The show’s over. The keynotes landed. The product demos went off. Thousands of attendees walked away inspired.
Now comes the part the events industry doesn’t talk about.
The signage gets pulled and tossed. The structures get disassembled and dumped. The carpet gets rolled up and sent to a landfill. In a matter of hours, the physical environment that took months to plan, design, and build becomes waste — an enormous volume of single-use material produced for a few days of impact and discarded the moment the lights go off.
It’s the industry’s most persistent problem. And most event professionals will tell you it’s simply the cost of doing business.
Angie Hopkins — Director of In-Person Experiences (IPX) at Microsoft — has spent her career proving that it doesn’t have to be.

She leads production workstreams for some of the biggest flagship events in tech, managing the full physical build for Microsoft Build, Ignite, large-scale internal marketing summits, and third-party conventions around the world.

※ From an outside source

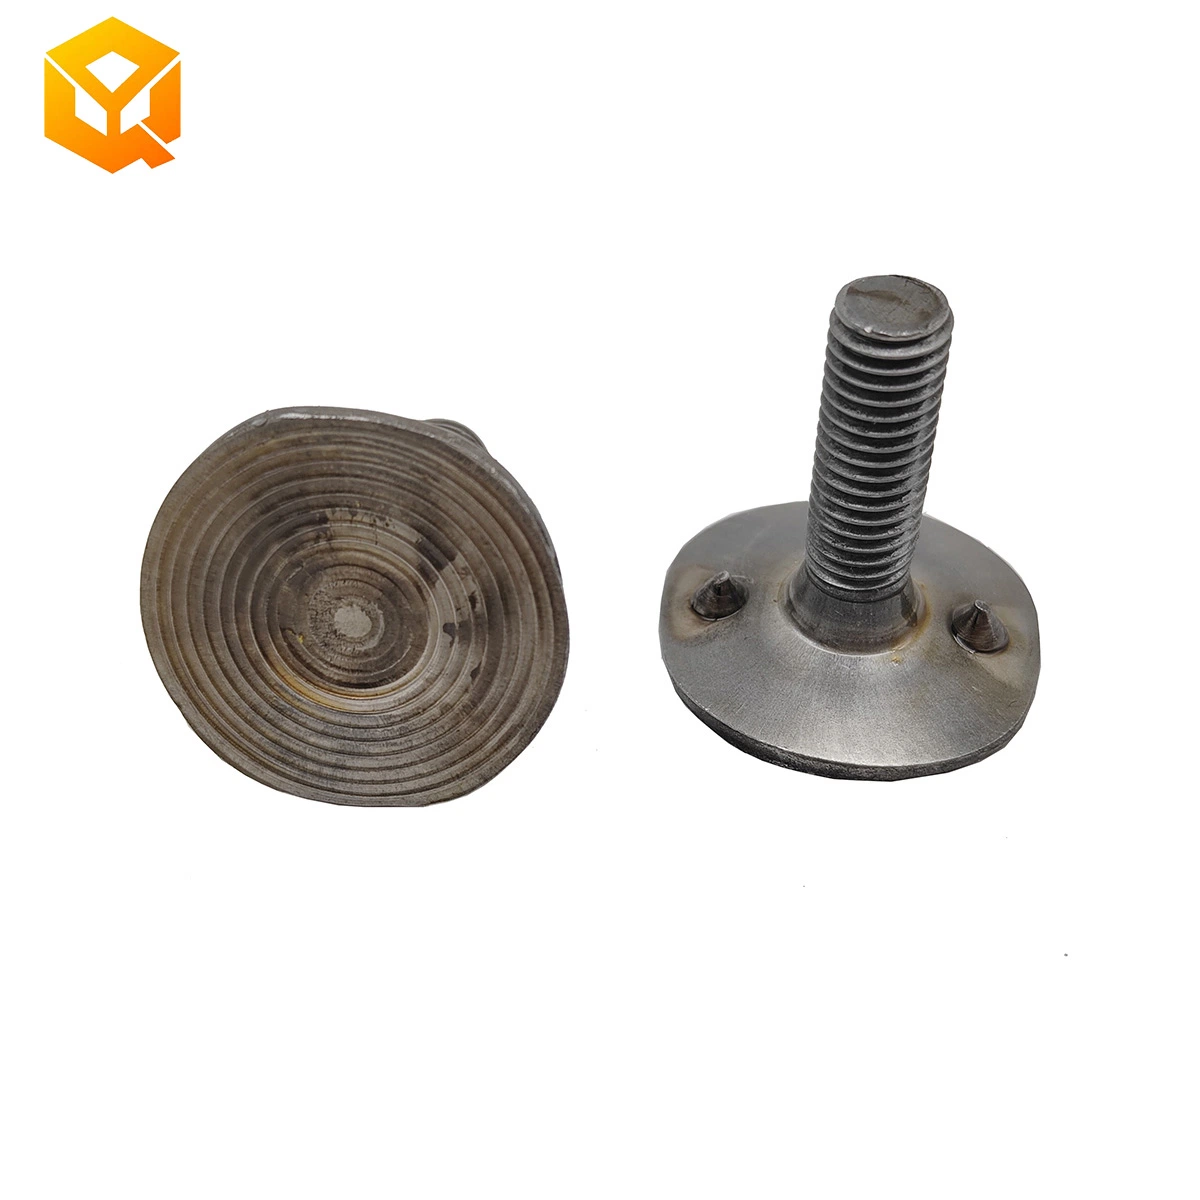 Square Neck Round Head Elevator Bolt for Hinges, Brackets - Fasteners

And the way she’s embedded sustainability into that work — through material decisions, supplier partnerships, and a personal standard she’s carried from event to event for years — offers a perspective that anyone in event production can learn from.
From Nonprofit Roots to Microsoft's Biggest Stage
Microsoft’s event production runs as what Angie calls a “great orchestra” of workstreams — creative developing event branding and design, experiences building interactive product demos, digital managing registration, and producers running keynotes and breakout sessions, all kept in sync by an executive producer.
Angie manages the physical build. Everything outside of keynote and breakout production is hers — the suppliers, the logistics, the signage, the lighting, the labor, and the on-site execution that shapes the environment attendees experience from the moment they walk in.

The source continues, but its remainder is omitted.